President Bush has called on his country to produce 35 billion gallons of renewable fuel a year by 2017.[1] That would require, each year, the food grain sufficient to feed 1.4 billion people (every gallon requires 18 pounds of corn). And that would only satisfy 10% of America's liquid fuel needs. Even in 2005, global ethanol production was 9.66 billion gallons (enough to feed 386,400 people), of which Brazil produced 45.2 percent (from sugar cane) and the United States 44.5 percent (approximately 4.3 billion gallons) (from corn). But six billion gallons of ethanol are needed every year in the U.S. just to replace the fuel additive known as MTBE (which itself is made from the food grains rapeseed (canola) and sunflower seeds), which is being phased out due to its polluting effects on ground water aquifers.[1]

For those naysayers who have been sitting back demanding evidence, it is difficult to imagine what more evidence they should need. We can quantify the cost in human lives of our efforts to keep the oil-depletion wolf from the door by substituting bio-fuels to get a few extra years of happy motoring.
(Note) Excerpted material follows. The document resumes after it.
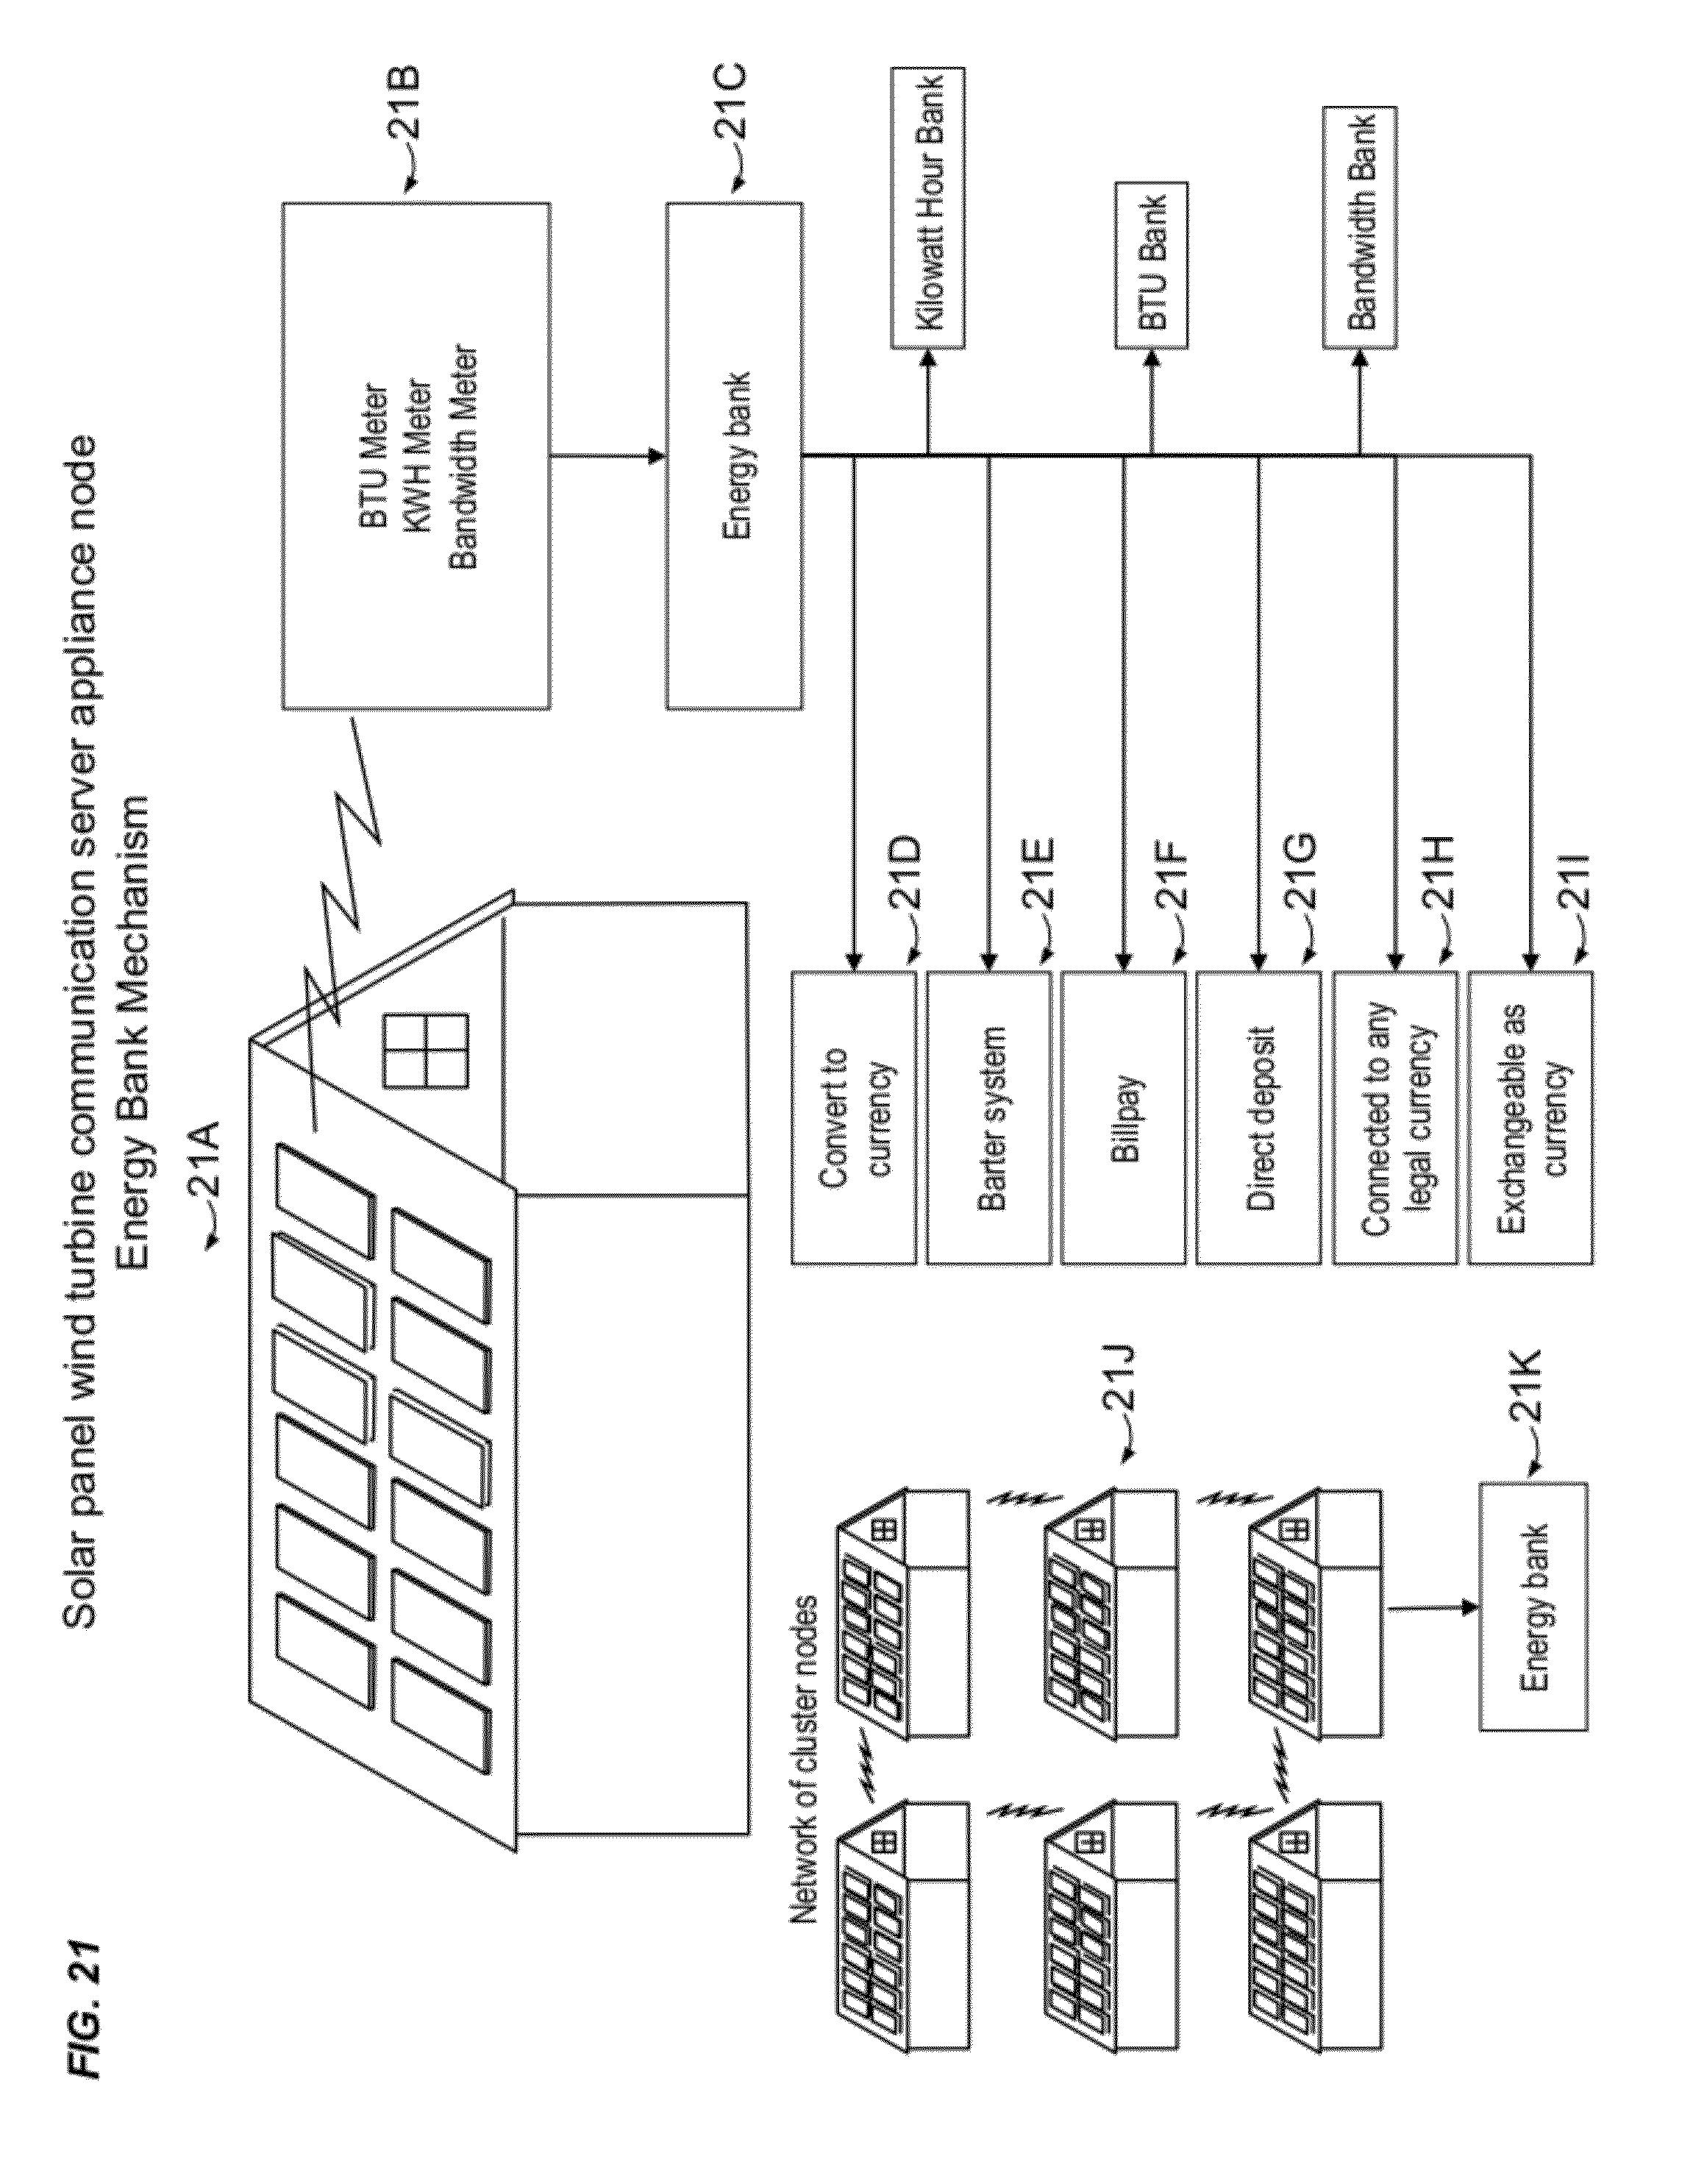 patent us8369997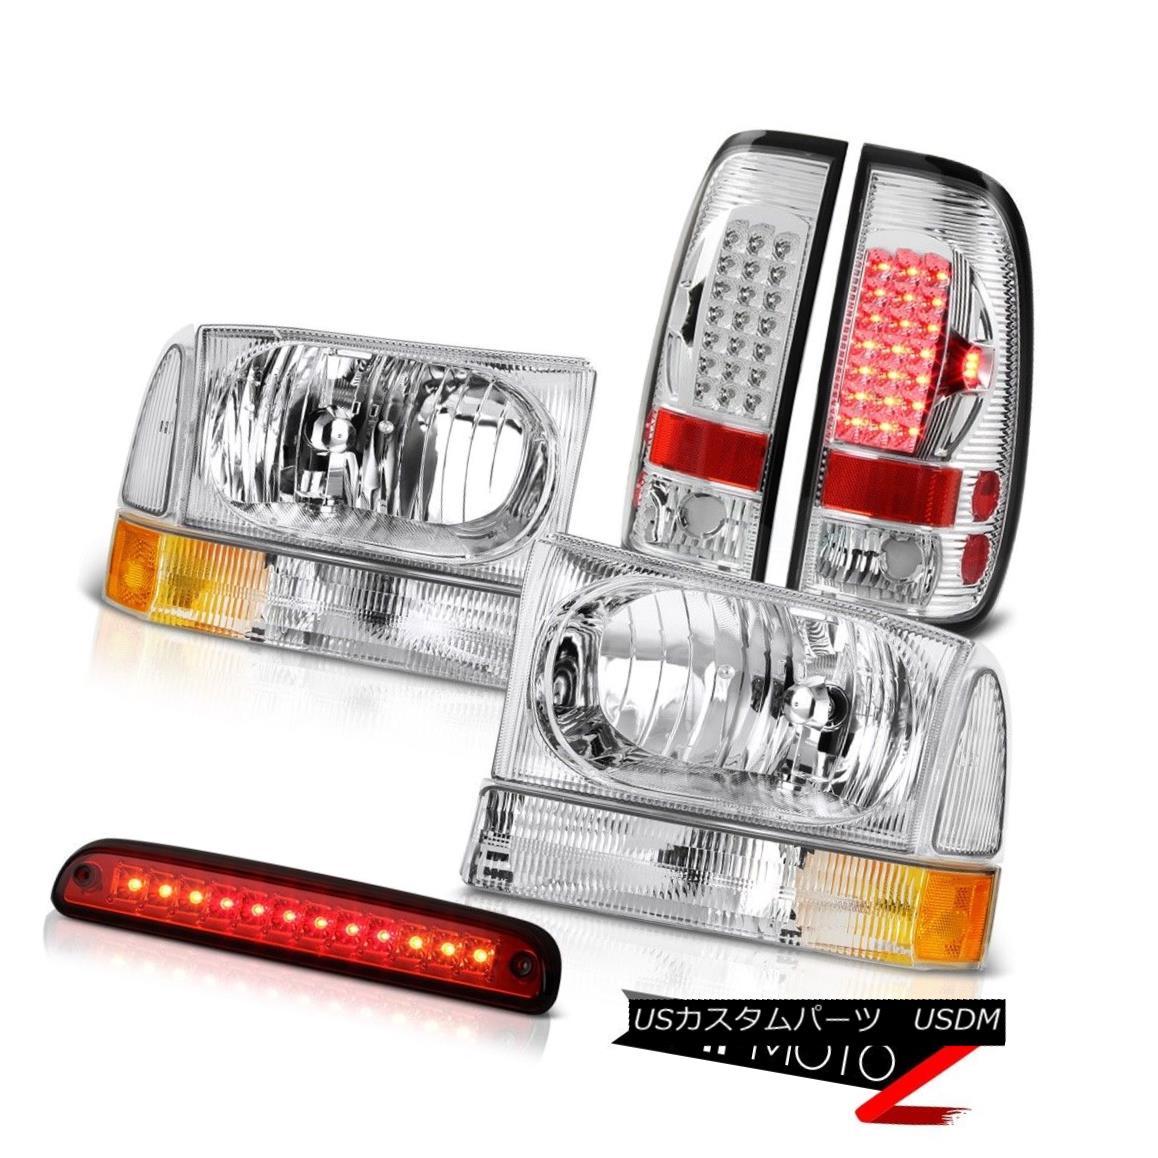 ヘッドライト Crystal Headlights LH RH Wine Red 3rd Brake LED Clear Tail Light 1999-2004 F250 クリスタルヘッドライトLH RHワインレッド第3ブレーキLEDクリアテールライト1999-2004 F250

On the back of the sales receipt printed out at the gas station there should be required to be a picture of the emaciated person who has just died in order to pay for that fill-up, like the graphic health-warning pictures now printed on cigarette packs. Sooner or later we must personally face the consequences of the lifestyle choices we make, especially when those consequences can be so clearly measured in the loss of human lives.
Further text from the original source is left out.